Well, its beginning to look

Well, its beginning to look as if the republican plan for supporting big insurance companies over the people is what is going to win. I am so disappointed. I hope it doesn't happen but the blue-dog democrats on the committee are getting rid of the public plan. It really gets to me as my husband is on the government Veteran's Healthcare and I am on the government's TriCare system and soon we'll both be old enough for the government's Medicare system. My niece just had surgery for her daughter on the governments' Medicaid plan but we don't want a government sponsored health care option!??? Get real. They are only concerned with keeping the money flowing and don't care if the people die in the streets.

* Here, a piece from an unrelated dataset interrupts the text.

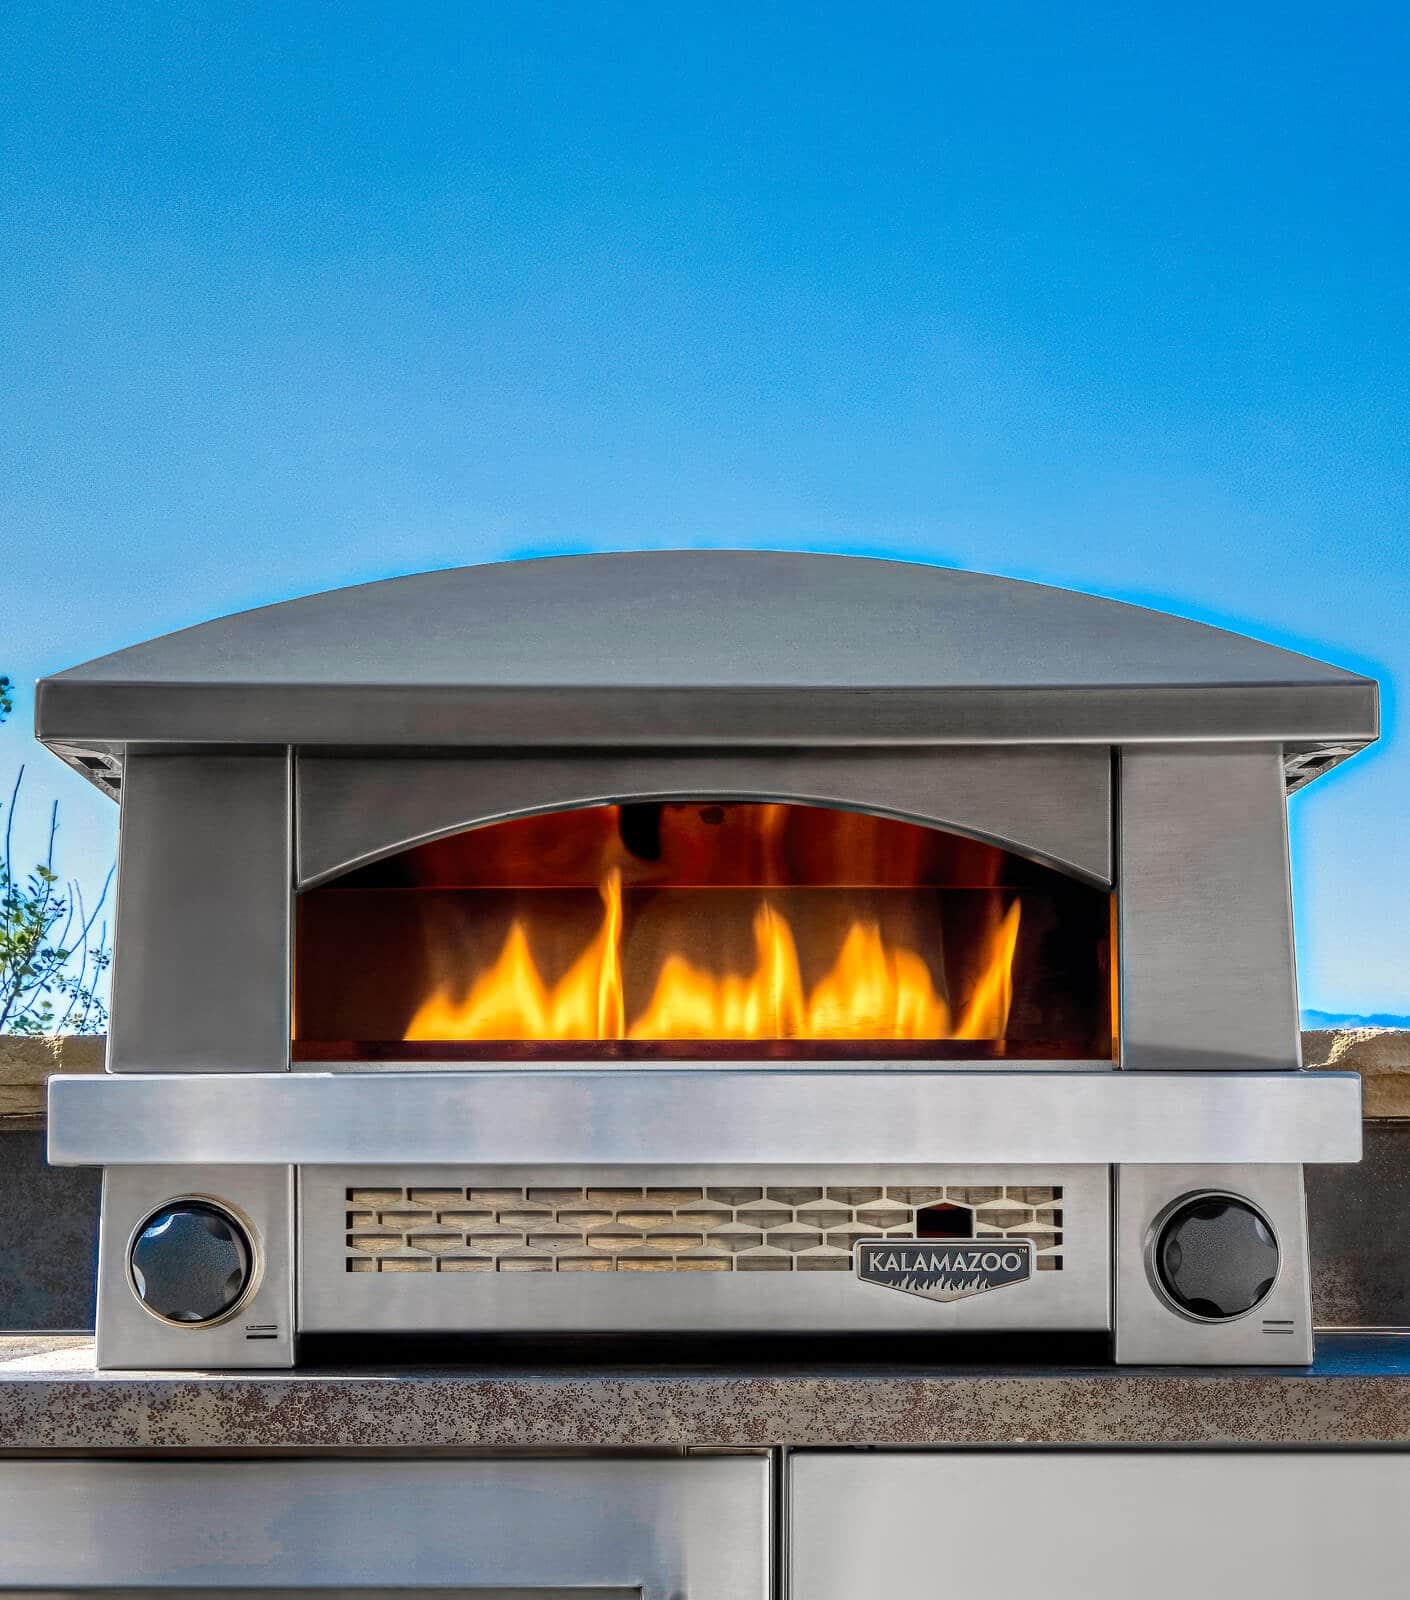 https://www.grillseeker.com/wp-content/uploads/2022/10/Kalamazoo-artisan-fire-pizza-oven-feature.jpg

health care essay by Kevin Clarke

Please don't muddy the waters by bringing abortion into this and really don't muddy them by bringing birth control into it either.

The discussion also needs to occur about having unecessary procedures for seniors - such as mammograms for women in their 80's and PSA tests for men over 70. Prolonging life for people with terminal diseases also needs to be discussed. Yes I am also ok with looking at tort reform if it will accomplish either of the above.